I have seen exactly one model that charges more for longer contexts: https://ai....

lostmsu · 2026-02-16T22:41:22 1771281682

They just do averaging. Imagine a quadratic pricing structure. Who'd want to deal with it?

TZubiri · 2026-02-17T07:35:56 1771313756

I guess 1.0001 ^2 is quadratic too, but note how it really only charges you 1.5x for more output tokens. Even if cost were quadratic with output length here, we are talking about a very small difference, nothing like the quadratic cost structure proposed by OP:

>Pop quiz: at what point in the context length of a coding agent are cached reads costing you half of the next API call? By 50,000 tokens, your conversation’s costs are probably being dominated by cache reads.

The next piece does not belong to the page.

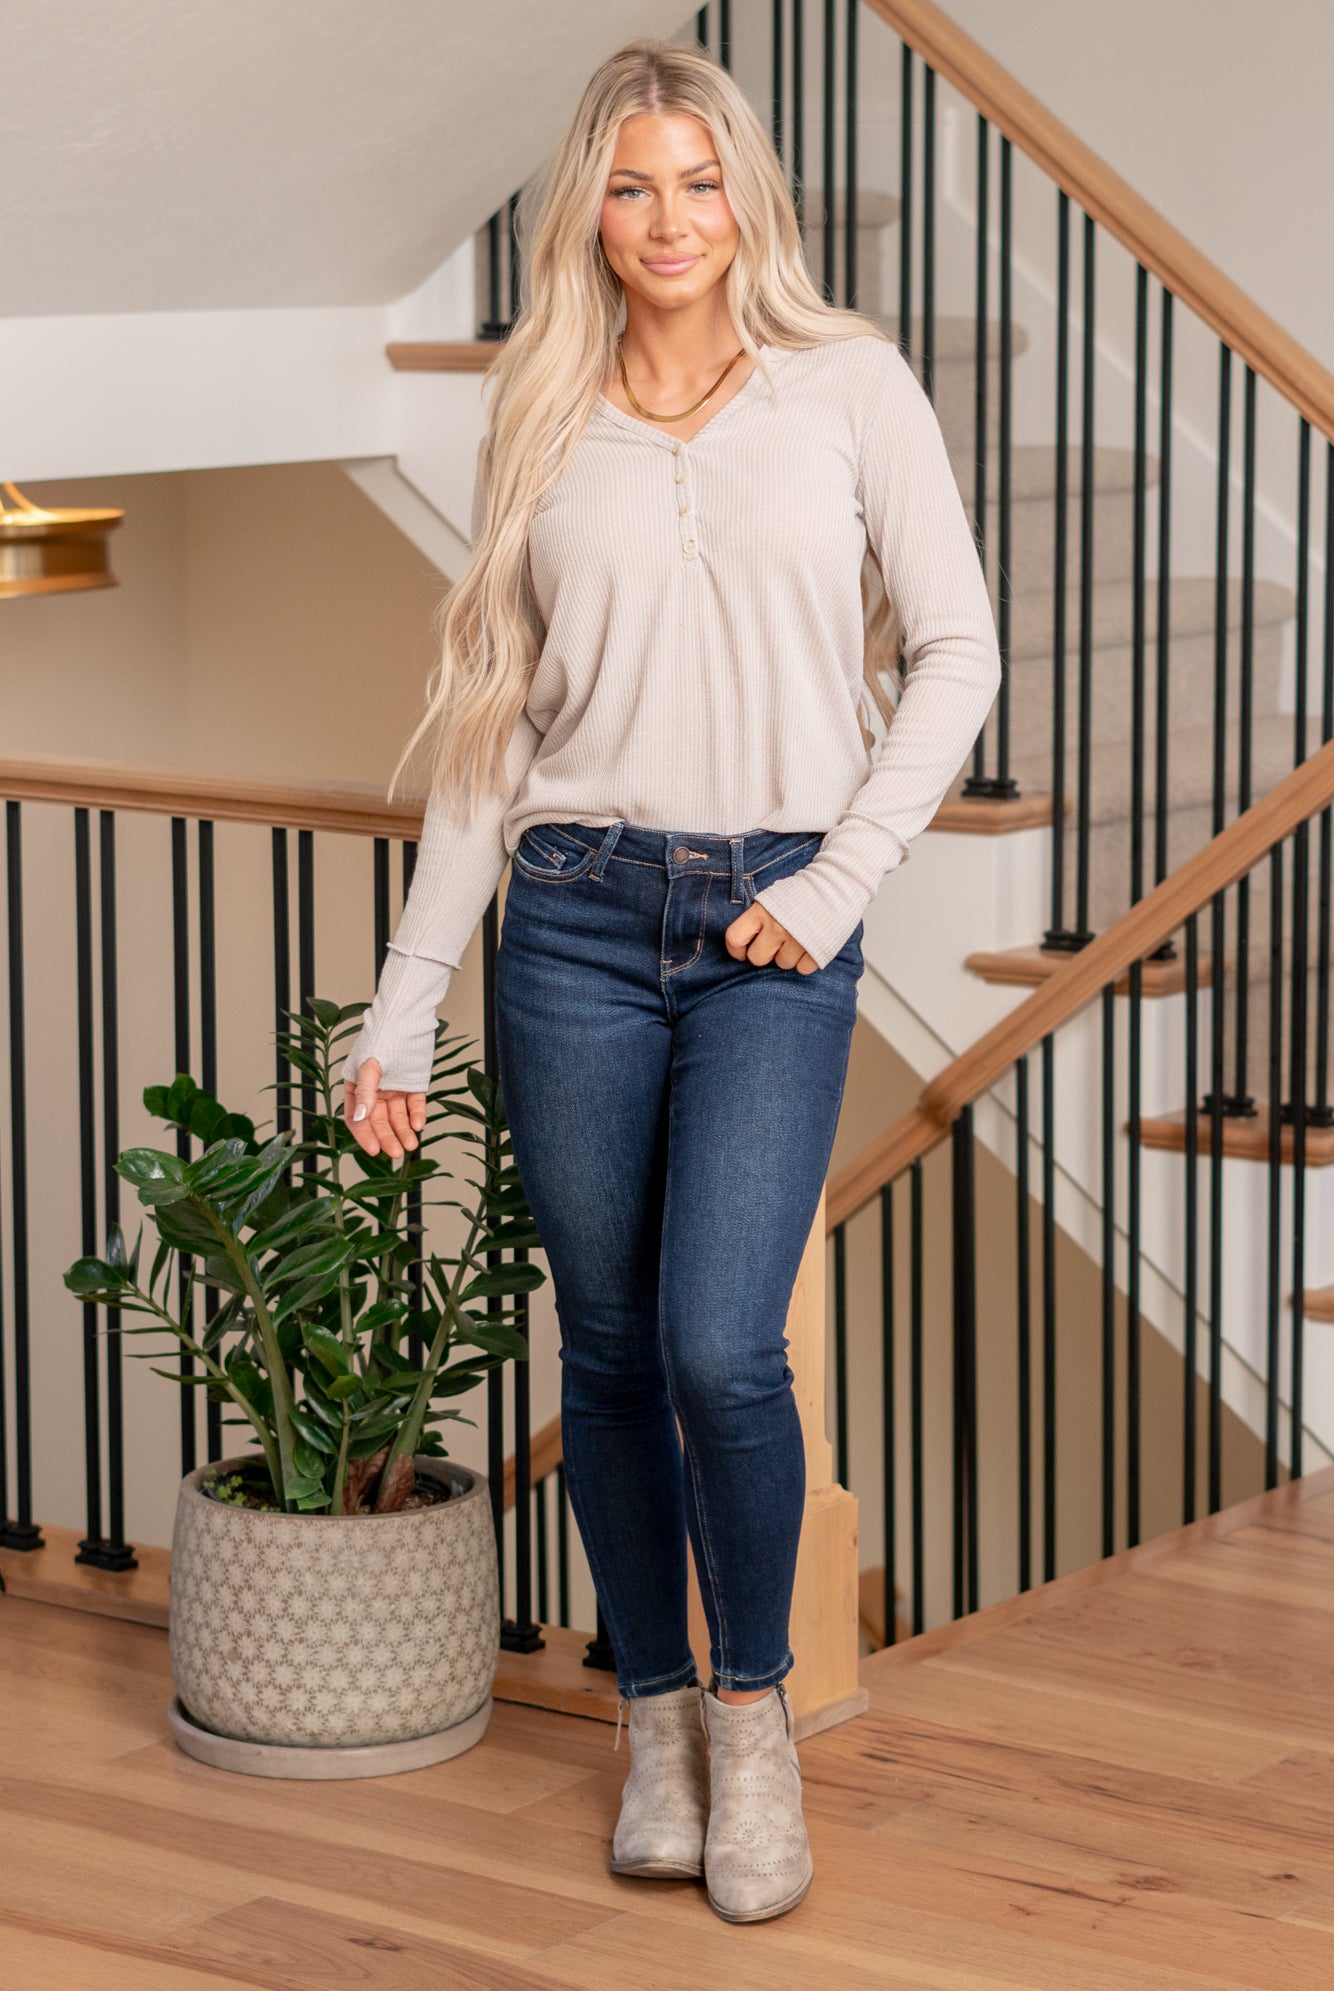 Lovervet by VERVET   These jeans offer a flattering mid-rise silhouette and a sleek skinny fit, providing a perfect balance of modern style and comfort. The ankle length adds a touch of versatility, making them suitable for various occasions.

These are two different cost components, and the one you bring up is minor, OP is talking about a cost that at 1M output tokens, would cause the cost to be 20x per token. You are talking about a cost that at 1M output tokens would cost 1.5x, different things.

The first is an imperfection of the API encapsulation, the latter may be a natural cost phenomenon related to the internals of the state of the state of the art algorithms

lostmsu · 2026-02-17T11:33:21 1771328001

What are you talking about? The cost is quadratic in total conversation length in tokens.